I posted this as an issue on gitHub https://github.com/pytorch/pytorch/issues/4742, but maybe it’s just me …
I put together a linear regressor with a single hidden layer and it works fine but crashes if I try pushing it to cuda. There might be plenty of wrong with the code but I don’t know where to look. Here’s the model and the code that crashes it:
class Net(torch.nn.Module):
def __init__(self, n_feature, n_hidden, n_output):
super(Net, self).__init__()
self.n_feature = n_feature
self.n_hidden = n_hidden
self.n_output = n_output
self.wh = Parameter(torch.Tensor(n_feature, n_hidden))
self.bh = Parameter(torch.Tensor(n_hidden))
self.wy = Parameter(torch.Tensor(n_hidden, n_output))
self.by = Parameter(torch.Tensor(n_output))
self.reset_parameters()
def reset_parameters(self):
stdv = 1. / np.sqrt(self.wh.size(1))
self.wh.data.uniform_(-stdv, stdv)
self.bh.data.uniform_(-stdv, stdv)
stdv = 1. / np.sqrt(self.wy.size(1))
self.wy.data.uniform_(-stdv, stdv)
self.by.data.uniform_(-stdv, stdv)
def forward(self, x):
h = x.mm(self.wh) + self.bh
a = F.logsigmoid(h) # activation function for hidden layer
y = a.mm(self.wy) + self.by
return y
net = Net(n_feature=1, n_hidden=10, n_output=1).cuda()
The traceback I get is:
Traceback (most recent call last):
File "<ipython-input-137-44e8bf8308ac>", line 1, in <module>
net = Net(n_feature=1, n_hidden=10, n_output=1).cuda() # define the network
File "~/miniconda3/lib/python3.6/site-packages/torch/nn/modules/module.py", line 216, in cuda
return self._apply(lambda t: t.cuda(device))
File "~/miniconda3/lib/python3.6/site-packages/torch/nn/modules/module.py", line 152, in _apply
param.data = fn(param.data)
File "~/miniconda3/lib/python3.6/site-packages/torch/nn/modules/module.py", line 216, in <lambda>
return self._apply(lambda t: t.cuda(device))
File "~/miniconda3/lib/python3.6/site-packages/torch/_utils.py", line 69, in _cuda
return new_type(self.size()).copy_(self, async)
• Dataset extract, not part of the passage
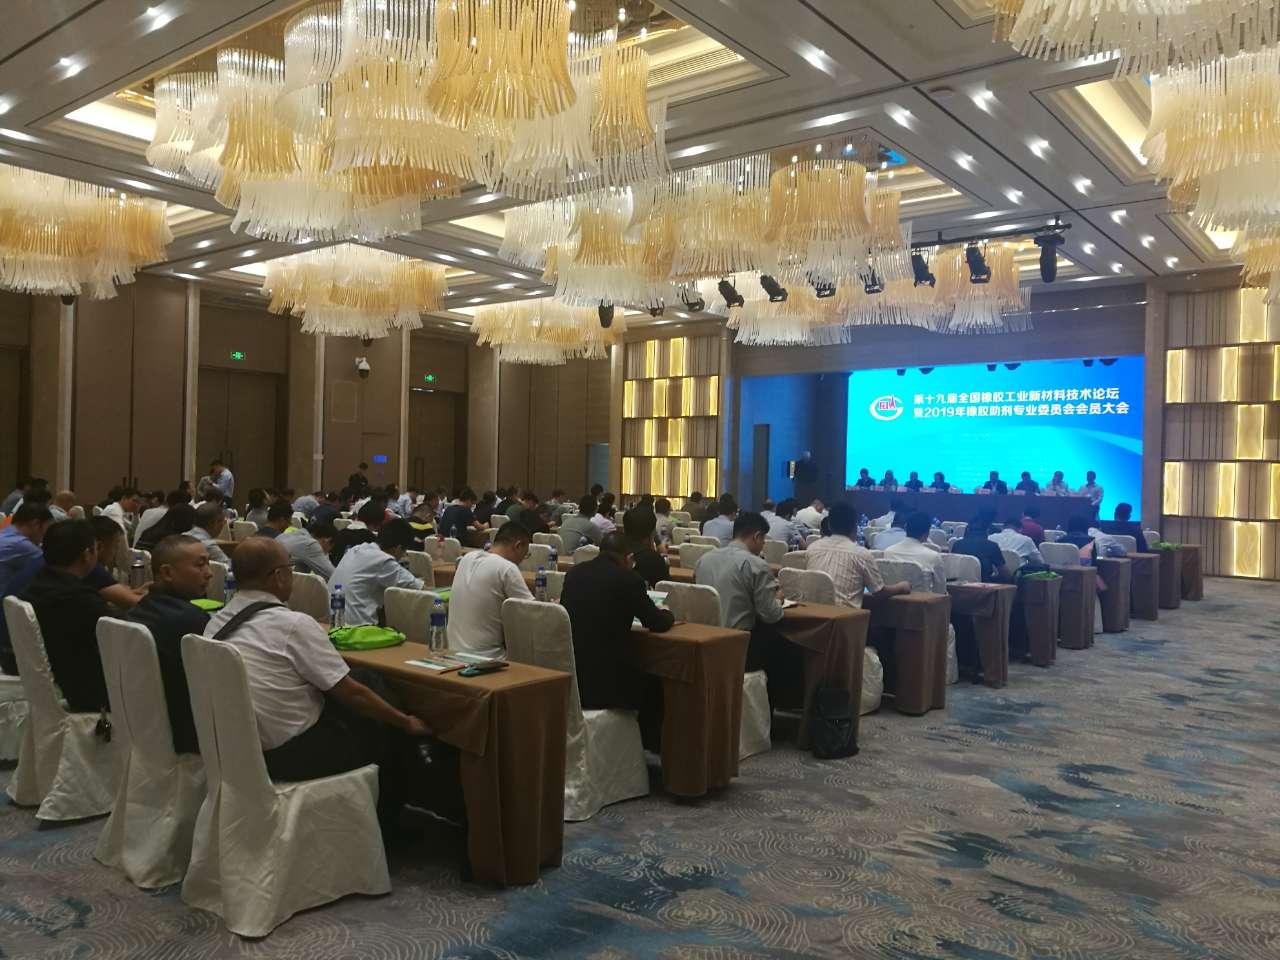 元昊集團參加2019年中國橡膠助劑年會
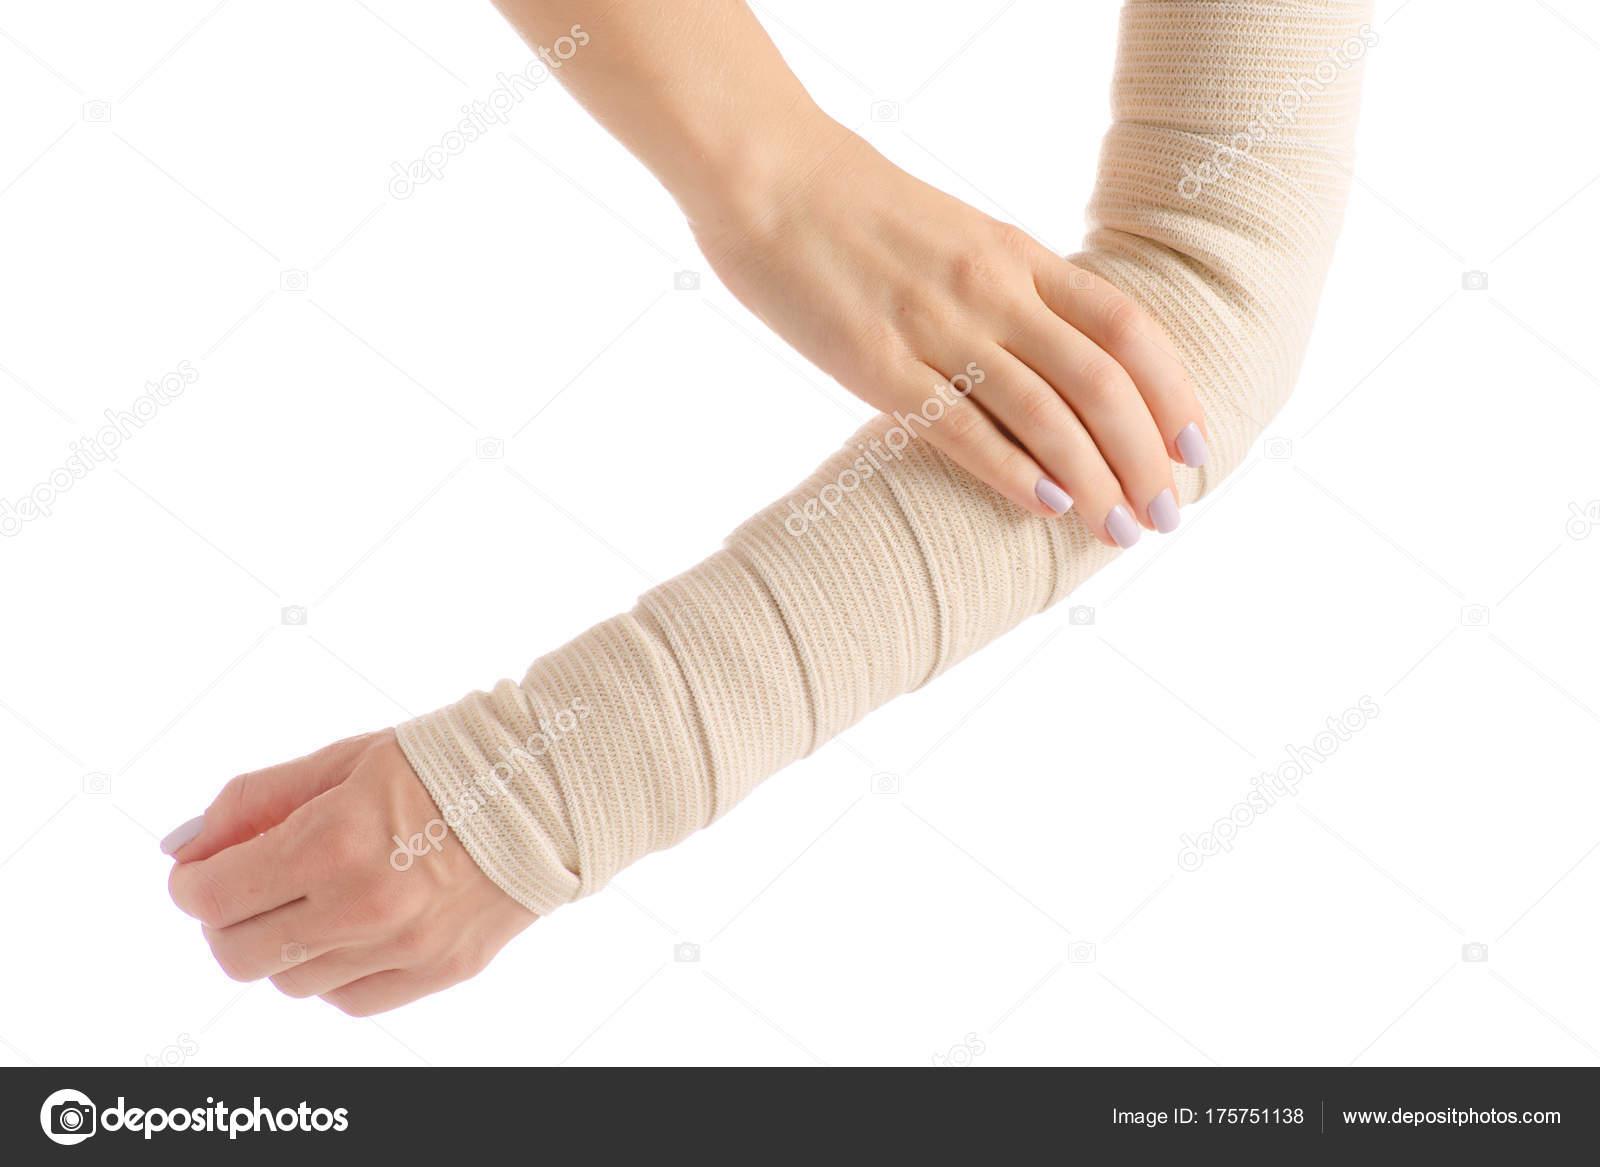 Female Hand Elastic Bandage Injury Stock Photo C Evgenyjs1

RuntimeError: cuda runtime error (4) : unspecified launch failure at /opt/conda/conda-bld/pytorch_1512386481460/work/torch/lib/THC/generic/THCTensorCopy.c:20
I was guessing it’s because we don’t use nn
or functional
to define the layers, but I don’t know. If yes what is a good way to mix equations and available layers?
I also tried:
dtype = torch.cuda.FloatTensor
self.wh = Parameter(torch.Tensor(n_feature, n_hidden).type(dtype))
self.bh = Parameter(torch.Tensor(n_hidden).type(dtype))
...
But this gives the same error.